THE TASK =>
The word "distance" marks the lines to find; copy every such line from the data below.

MATERIAL FOR THIS EXERCISE =>
--- START ---
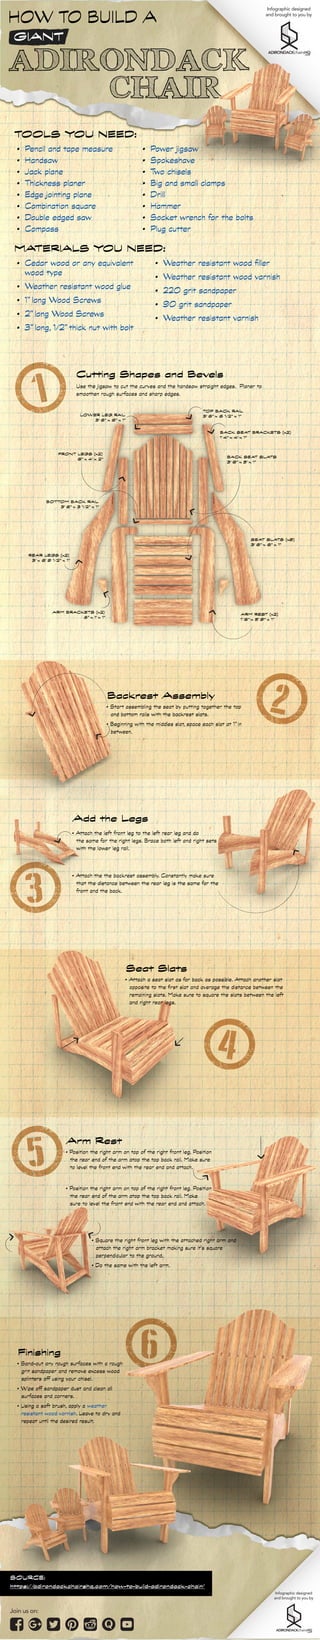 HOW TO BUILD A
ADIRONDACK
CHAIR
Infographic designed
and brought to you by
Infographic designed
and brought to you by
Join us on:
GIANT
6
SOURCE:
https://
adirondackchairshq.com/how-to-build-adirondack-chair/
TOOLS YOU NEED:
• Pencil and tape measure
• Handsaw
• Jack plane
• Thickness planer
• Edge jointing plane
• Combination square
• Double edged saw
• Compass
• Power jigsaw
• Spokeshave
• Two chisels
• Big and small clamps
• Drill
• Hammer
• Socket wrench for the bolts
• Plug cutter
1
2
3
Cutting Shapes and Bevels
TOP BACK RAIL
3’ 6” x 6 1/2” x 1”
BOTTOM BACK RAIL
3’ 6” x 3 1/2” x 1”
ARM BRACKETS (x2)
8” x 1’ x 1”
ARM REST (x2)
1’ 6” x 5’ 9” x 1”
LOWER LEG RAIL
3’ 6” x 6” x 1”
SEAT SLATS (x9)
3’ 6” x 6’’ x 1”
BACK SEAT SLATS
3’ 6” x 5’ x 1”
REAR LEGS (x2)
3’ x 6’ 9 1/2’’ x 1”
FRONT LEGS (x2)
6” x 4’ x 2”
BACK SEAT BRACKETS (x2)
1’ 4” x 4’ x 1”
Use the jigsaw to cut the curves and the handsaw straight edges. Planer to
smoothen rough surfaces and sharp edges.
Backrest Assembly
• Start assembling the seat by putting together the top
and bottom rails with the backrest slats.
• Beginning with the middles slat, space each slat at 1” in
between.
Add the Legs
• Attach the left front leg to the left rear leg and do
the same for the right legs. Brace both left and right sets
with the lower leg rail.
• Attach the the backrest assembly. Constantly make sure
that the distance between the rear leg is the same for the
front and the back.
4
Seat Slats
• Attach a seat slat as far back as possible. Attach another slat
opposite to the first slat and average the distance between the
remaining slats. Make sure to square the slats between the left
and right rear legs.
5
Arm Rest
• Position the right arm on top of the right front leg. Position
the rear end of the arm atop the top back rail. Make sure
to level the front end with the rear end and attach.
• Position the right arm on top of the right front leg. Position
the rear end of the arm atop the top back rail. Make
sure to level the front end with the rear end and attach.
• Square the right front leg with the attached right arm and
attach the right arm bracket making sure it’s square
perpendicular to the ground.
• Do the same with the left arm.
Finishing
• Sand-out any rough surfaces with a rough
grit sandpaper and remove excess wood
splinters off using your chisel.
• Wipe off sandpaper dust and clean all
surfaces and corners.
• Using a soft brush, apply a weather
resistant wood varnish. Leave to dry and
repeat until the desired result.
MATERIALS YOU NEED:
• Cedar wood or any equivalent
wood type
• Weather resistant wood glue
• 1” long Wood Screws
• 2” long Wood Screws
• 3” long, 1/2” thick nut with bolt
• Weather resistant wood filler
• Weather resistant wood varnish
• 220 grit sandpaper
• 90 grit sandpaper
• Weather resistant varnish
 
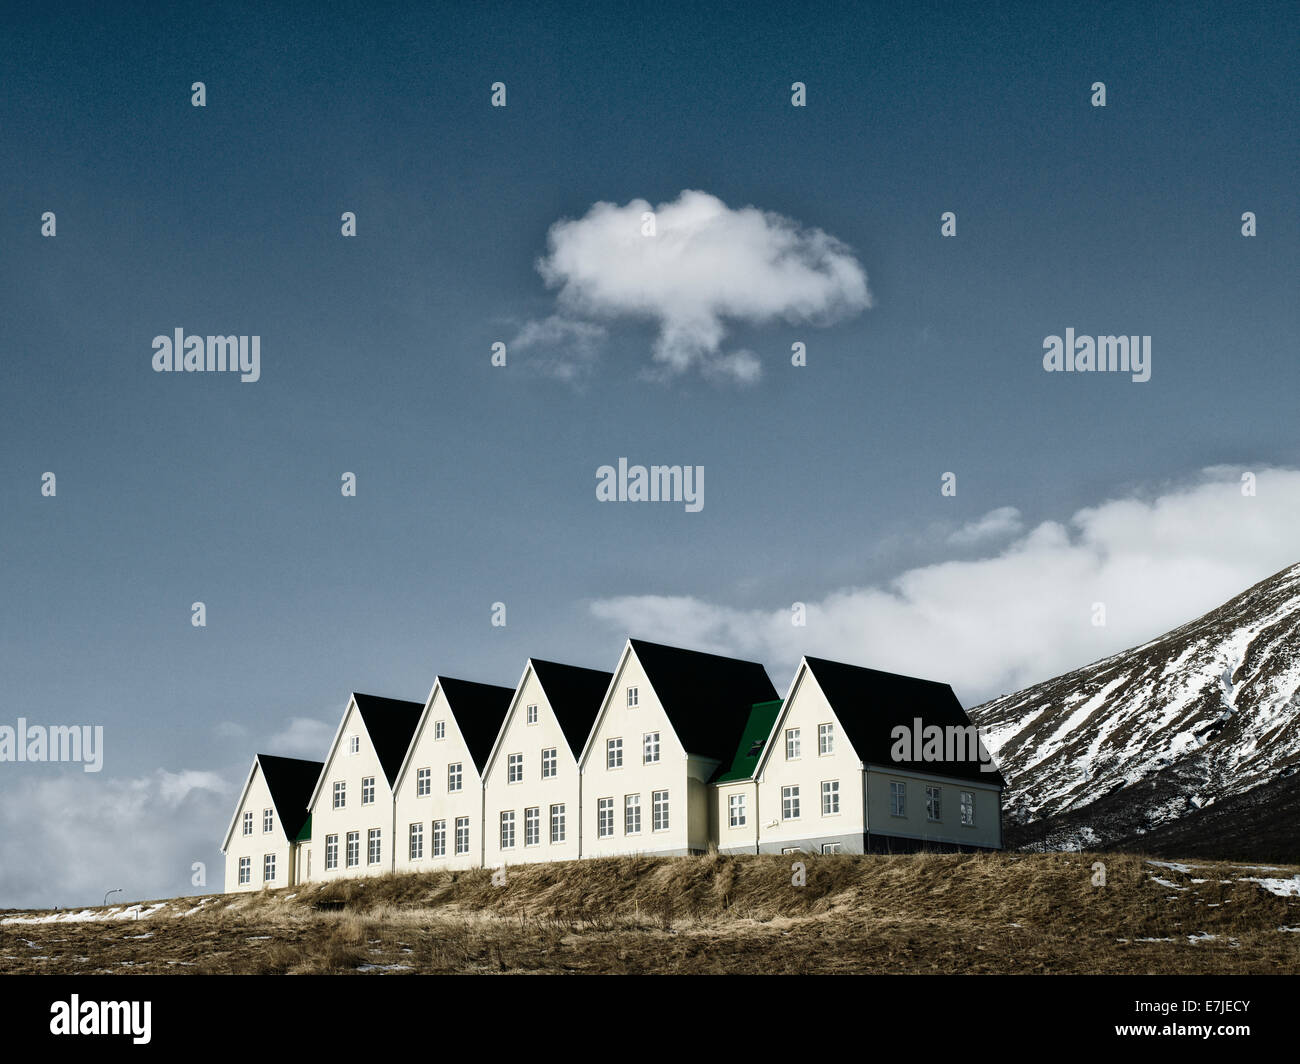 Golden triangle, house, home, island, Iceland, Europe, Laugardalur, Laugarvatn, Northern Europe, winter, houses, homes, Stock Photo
--- END ---
--- START ---
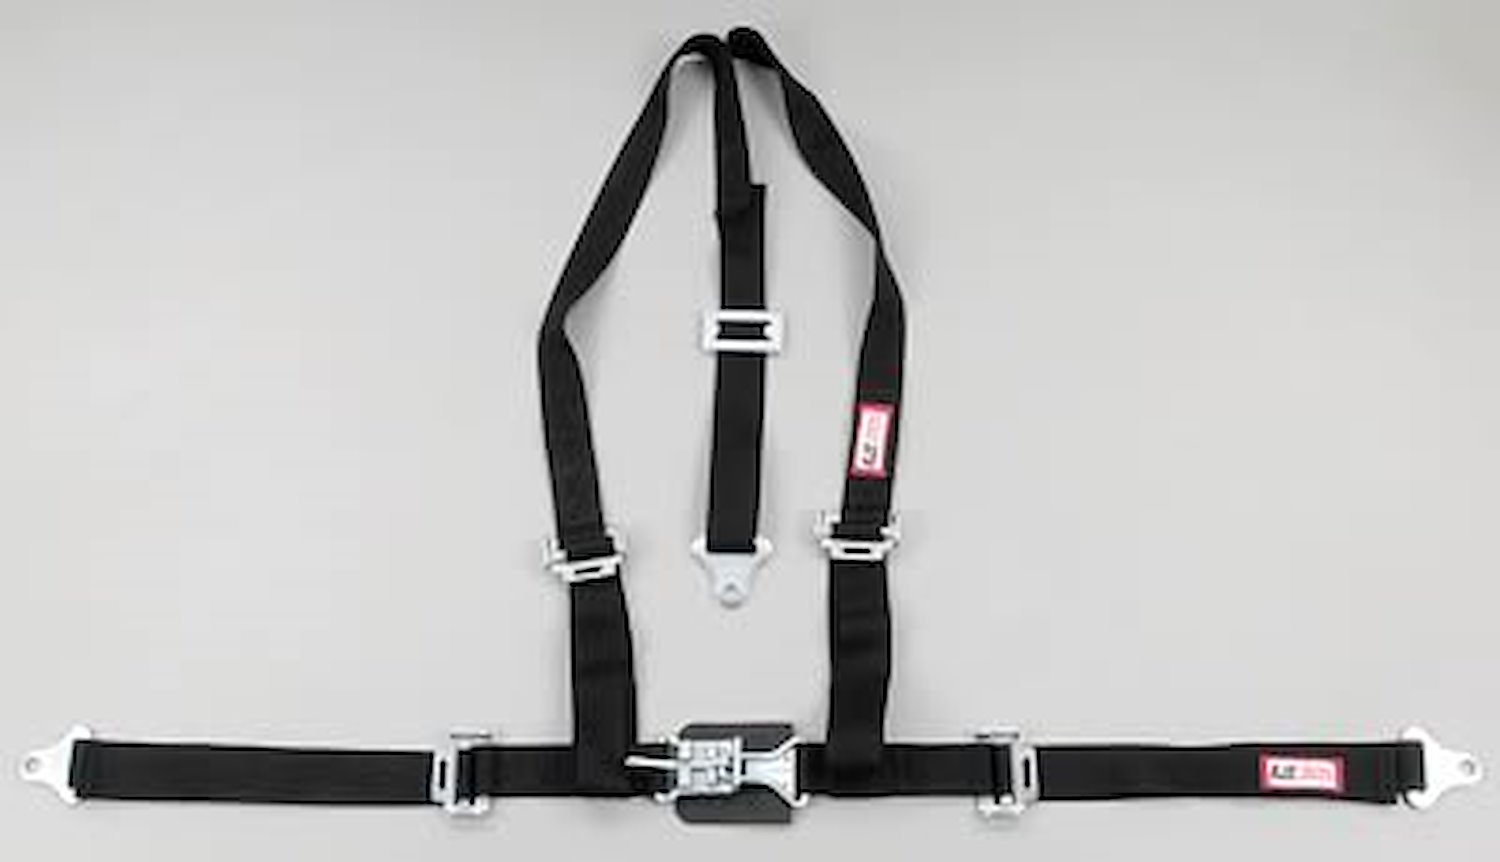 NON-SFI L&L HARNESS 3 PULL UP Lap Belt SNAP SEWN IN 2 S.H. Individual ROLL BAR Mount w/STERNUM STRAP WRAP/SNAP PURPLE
--- END ---
--- START ---
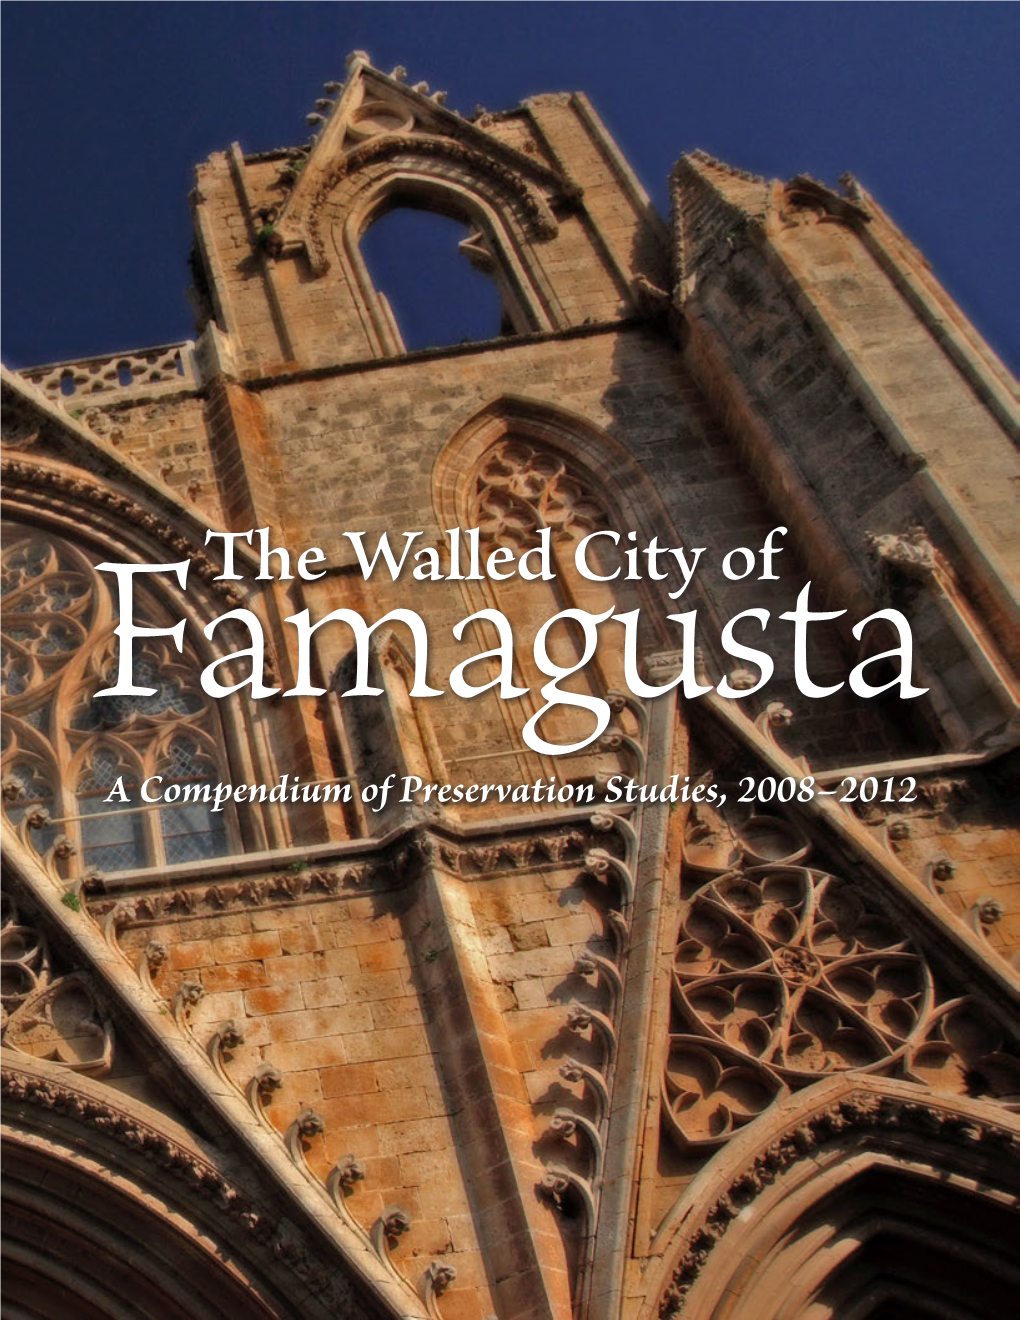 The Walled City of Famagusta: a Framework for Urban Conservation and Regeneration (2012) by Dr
--- END ---
SOLUTION TO THIS EXERCISE =>
that the distance between the rear leg is the same for the
opposite to the first slat and average the distance between the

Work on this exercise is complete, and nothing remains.